The Merger Agreement contains customary representations and warranties, covenants and conditions, including receipt of regulatory approvals required by the Surface Transportation Board for GWI to obtain authority to control CAGY.

GWI expects to close the acquisition and commence operations on June 1, 2008. GWI issued a press release announcing the execution of the Merger Agreement. A copy of the press release is filed as Exhibit 99.1 hereto and is incorporated herein by reference.

 

Item 9.01 Financial Statements and Exhibits.

 

(d) Exhibits

 

Exhibit No.

  

Description

99.1

   GWI Press release, dated April 29, 2008

Cautionary Statement Concerning Forward-Looking Statements

This press release contains forward-looking statements regarding future events and the future performance that involve risks and uncertainties that could cause actual results to differ materially from its current expectations including, but not limited to, the consummation of the proposed acquisition transaction; economic, political and industry conditions; customer demand, retention and contract continuation; legislative and regulatory developments; increased competition in relevant markets; funding needs and financing sources; susceptibility to various legal claims and lawsuits; strikes or work stoppages; severe weather conditions and other natural occurrences; and others.
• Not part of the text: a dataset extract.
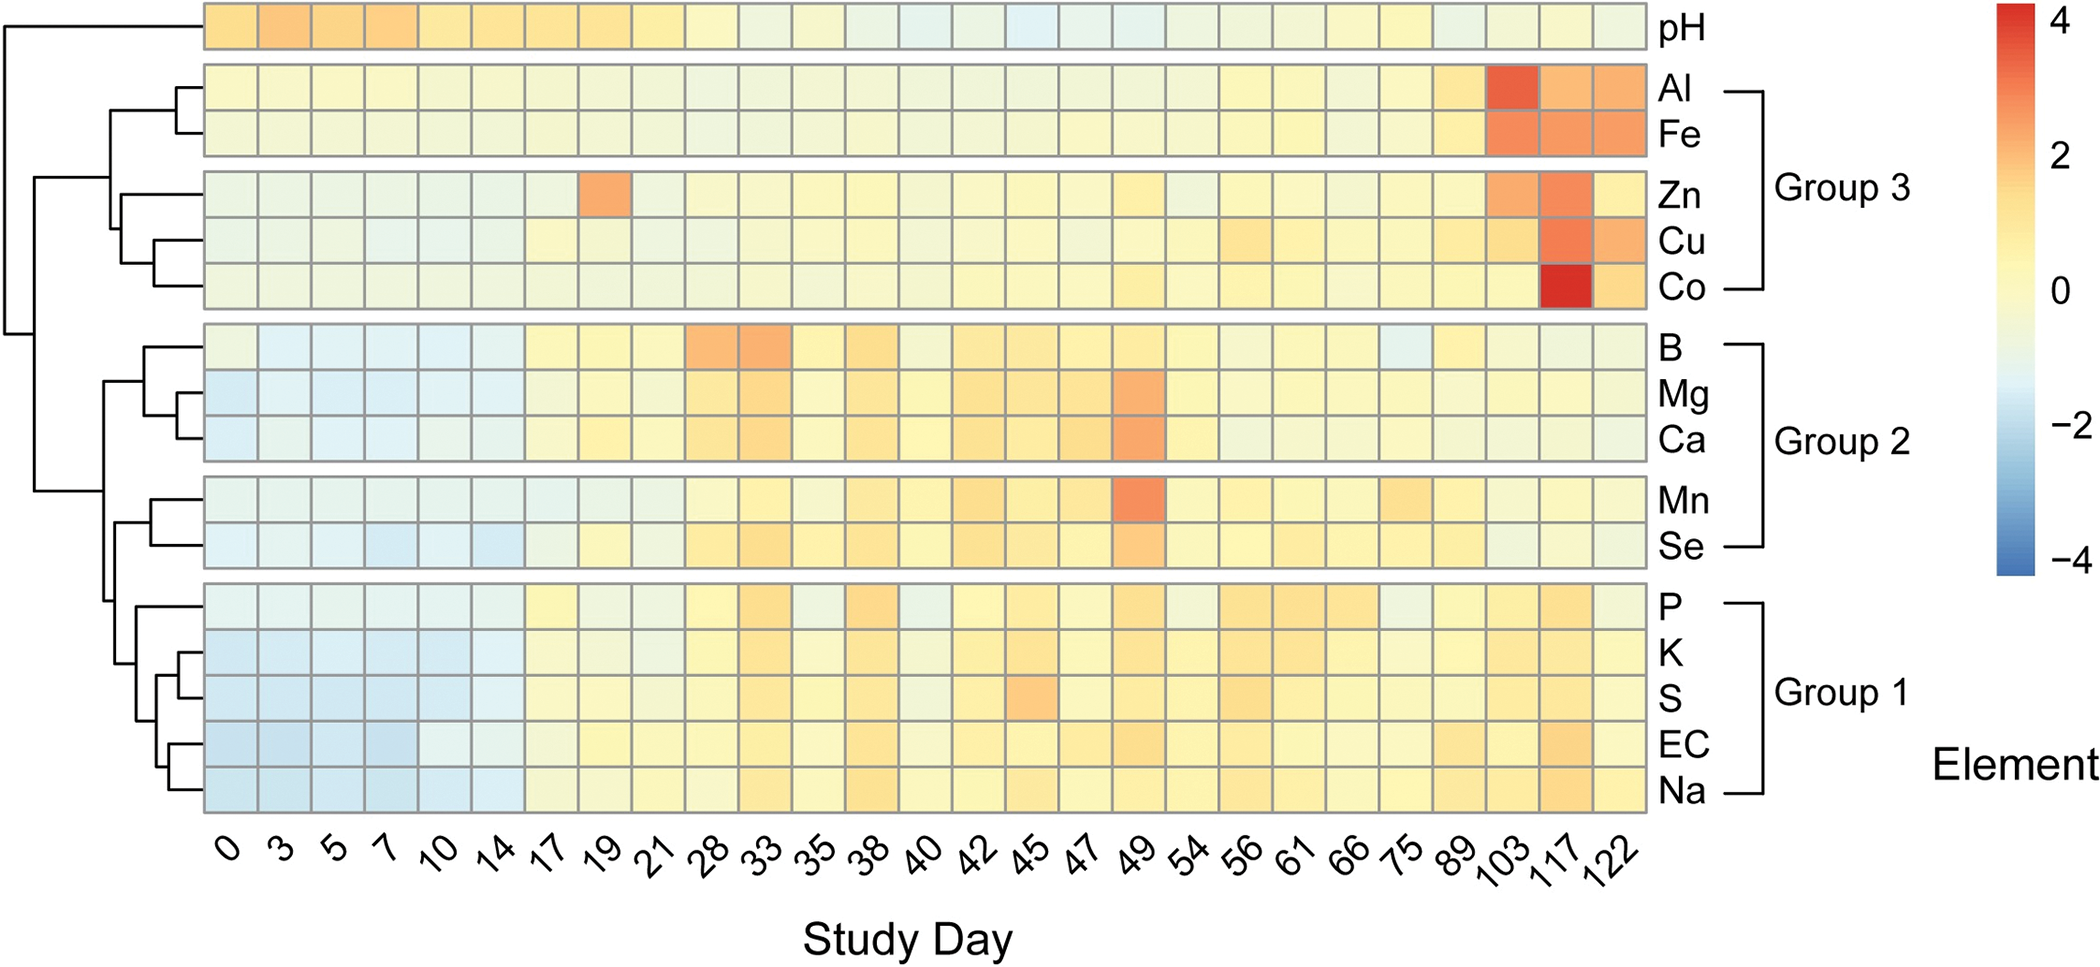 Fig 3. Heatmap showing scaled changes in elemental concentrations by study day. See the complete article at Plos One

Words such as “anticipates,” “intends,” “plans,” “believes,” “seeks,” “expects,” “estimates,” variations of these words and similar expressions are intended to identify these forward-looking statements. GWI refers you to the documents that it files from time to time with the Securities and Exchange Commission, such as GWI’s Forms 10-Q and 10-K which contain additional important factors that could cause its actual results to differ from its current expectations and from the forward-looking statements contained in this press release. GWI disclaims any intention to update the current expectations or forward looking statements contained in this press release.


SIGNATURES

Pursuant to the requirements of the Securities Exchange Act of 1934, the registrant has duly caused this report to be signed on its behalf by the undersigned hereunto duly authorized.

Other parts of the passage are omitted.